Studio album by t.A.T.u.
- Released: 21 October 2008
- Recorded: 2007–2008
- Genres: Eurodance; electronica; electronic rock; pop rock;
- Length: 38:54
- Languages: Russian; English (3 tracks);
- Label: Studia Soyuz
- Producers: T.A. Music; Billy Steinberg; Josh Alexander; Sergio Galoyan;

T.A.T.u. chronology
| The Best (2006) | Весёлые Улыбки (2008) | Waste Management (2009) |

Alternative covers
- iTunes cover

Singles from Весёлые Улыбки
- "Beliy Plaschik" Released: 29 November 2007; "220" Released: 15 April 2008; "You and I" Released: 12 September 2008; "Snegopady" Released: 17 April 2009;

= Vesyolye Ulybki =

Vesyolye Ulybki (Cyrillic: Весёлые Улыбки; translation: Happy Smiles) is t.A.T.u.'s third and final Russian (fifth overall) studio album, released on 21 October 2008. The album was no longer handled by their primary producers and songwriters, which included Martin Kierszenbaum and Trevor Horn. Instead, it was produced by producers including Billy Steinberg, Josh Alexander, Sergio Galoyan. The album's working title was Upravleniye Otbrosami (Cyrillic: Управление Отбросами; translation: Waste Management). The album reached sales of more than 250,000 copies in Russia. The English counterpart, Waste Management, was released in December 2009.

The album was made available to music streaming platforms in 2020.

Professional ratings
Review scores
| Source | Rating |
| Newsmusic.ru | Star |
| Sputnikmusic | 2.0/5 |

==Background and development==
The duo began recording the third Russian-language album, alongside its English counterpart, in early 2007 in Germany. All the Russian-language tracks were completed on 28 September 2007. The album's title was announced to be Upravleniye Otbrosami, which translates to "Waste Management", and was originally scheduled to be released in June 2008. However, a press release had officially stated that it would be entitled Весёлые Улыбки instead, as it reflected sarcastic comments about the state of the Russian music business made by Volkova and Katina in an interview with Moscow's Time Out Magazine.

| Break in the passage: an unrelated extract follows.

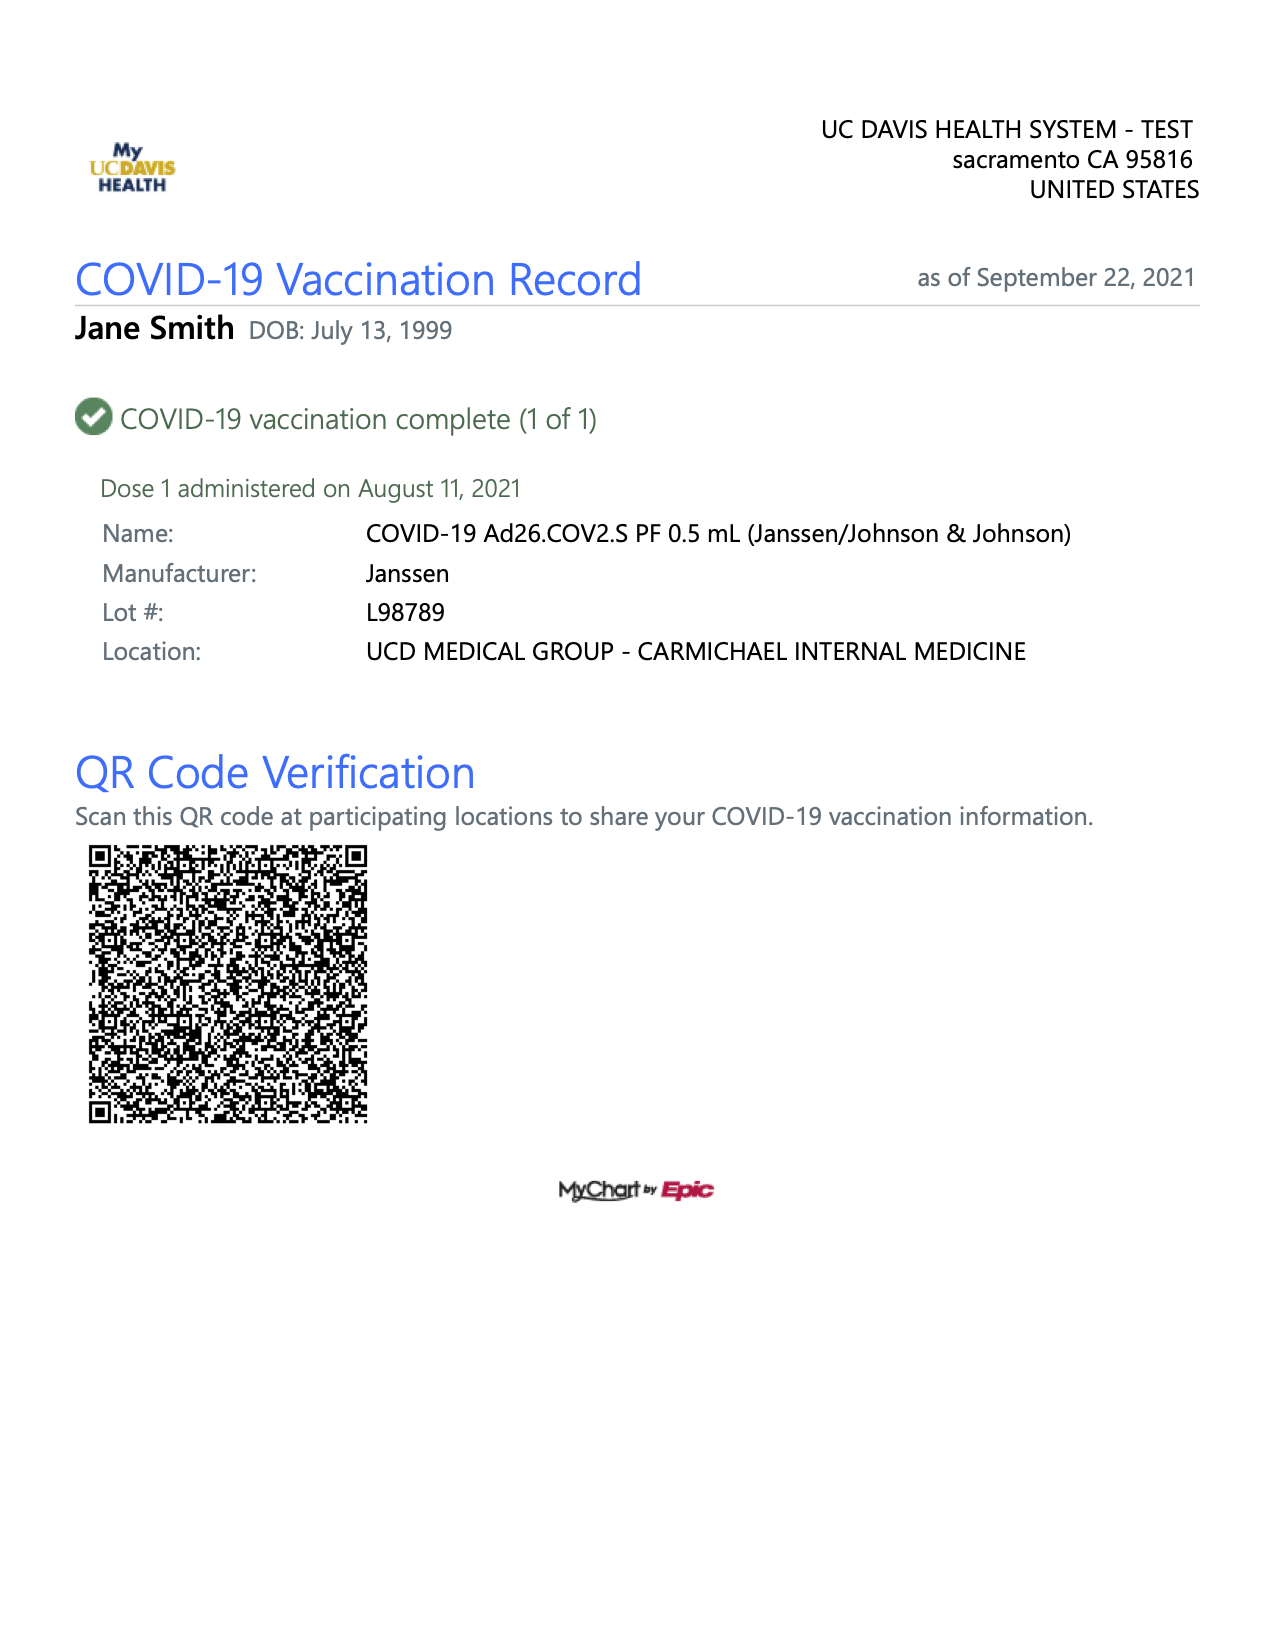 example printed vaccine QR code

Because of the name change, the album's release date was postponed to October 2008. Nonetheless, the album's original title would still be used for the English counterpart, released a year later.
==Singles==
- The first single from the album, "Белый плащик", was released in November 2007. The music video was released on 29 November 2007. The single was released as a maxi-single with the song, remixes, and the second single, "220". It also had mobile wallpapers, a poster and a coupon for a discount of 50 roubles for the Upravleniye Otbrosami album, which expired in June 2008, but they were still valid for the discount of the album upon the change of its name to Весёлые Улыбки
- The second single, "220", was released in April 2008. The song was included in the "Beliy Plaschik" maxi-single and featured 3 mobile wallpapers. A music video was released in June 2008 that featured the group in 'burlesque'-styled costumes, dancing and singing to the song.
- The third single, "You and I", was released in September 2008 It was the theme song for the drama film of the same name, which is a loose adaptation of the novel t.A.T.u. Come Back.
- The fourth single, "Снегопады", was released in April 2009. The music video was designed as a continuation of the "220" music video, and a few alternate versions were posted on t.A.T.u.'s official YouTube channel.

== Track listing ==
Source:

| No. | Title | Lyrics | Music | Translation | Length |
|---|---|---|---|---|---|
| 1. | "Intro" |  | Vanya Kilar |  | 3:09 |
| 2. | "Белый плащик" (Beliy Plaschik) | Maria Maksakova; T.A. Music; | Kilar | White Robe | 3:14 |
| 3. | "You and I" | Ed Buller; Andy Kubiszewski; | Buller; Kubiszewski; |  | 3:16 |
| 4. | "Снегопады" (Snegopady) | Katya Salem; T.A. Music; | Slowman | Snowfalls | 3:15 |
| 5. | "220" | Valery Polienko | Polienko |  | 3:07 |
| 6. | "Марсианские глаза" (Marsianskie Glaza) | T.A. Music | Sergio Galoyan | Martian Eyes | 3:10 |
| 7. | "Человечки" (Chelovechki) | T.A. Music | Slowman | Little People | 3:27 |
| 8. | "Весёлые улыбки" (Vesyolye Ulybki) |  | Evgeni Matveidzev | Happy Smiles | 2:04 |
| 9. | "Running Blind" | Sven Martin; Rasmus Schwenger; Lene Dissing; | Julian Schramm; Larz Reinatz; Christian Behrens; |  | 3:39 |
| 10. | "Fly on the Wall" | Josh Alexander; Billy Steinberg; | Alexander; Steinberg; |  | 3:59 |
| 11. | "Время луны" (Vremya Luny) | T.A. Music | Kilar | Time of the Moon | 3:23 |
| 12. | "Не жалей" (Ne Zhaley) | T.A. Music | Kilar | Don't Regret | 3:06 |
| Total length: |  |  |  |  | 38:54 |

==Release history==

| Region | Date | Label | Format |
| Russia | 17 October 2008 | Soyuz | Pre-order download |
| 21 October 2008 | CD |
| Worldwide | Digital download |

==Notes==
- "Intro" is an instrumental version of "Не жалей".
- "Весёлые улыбки" is the same instrumental track as "Waste Management" on the Waste Management album.
- Lena Katina has recorded a Spanish version of "Running Blind" and released it on her Spanish EP version of This Is Who I Am.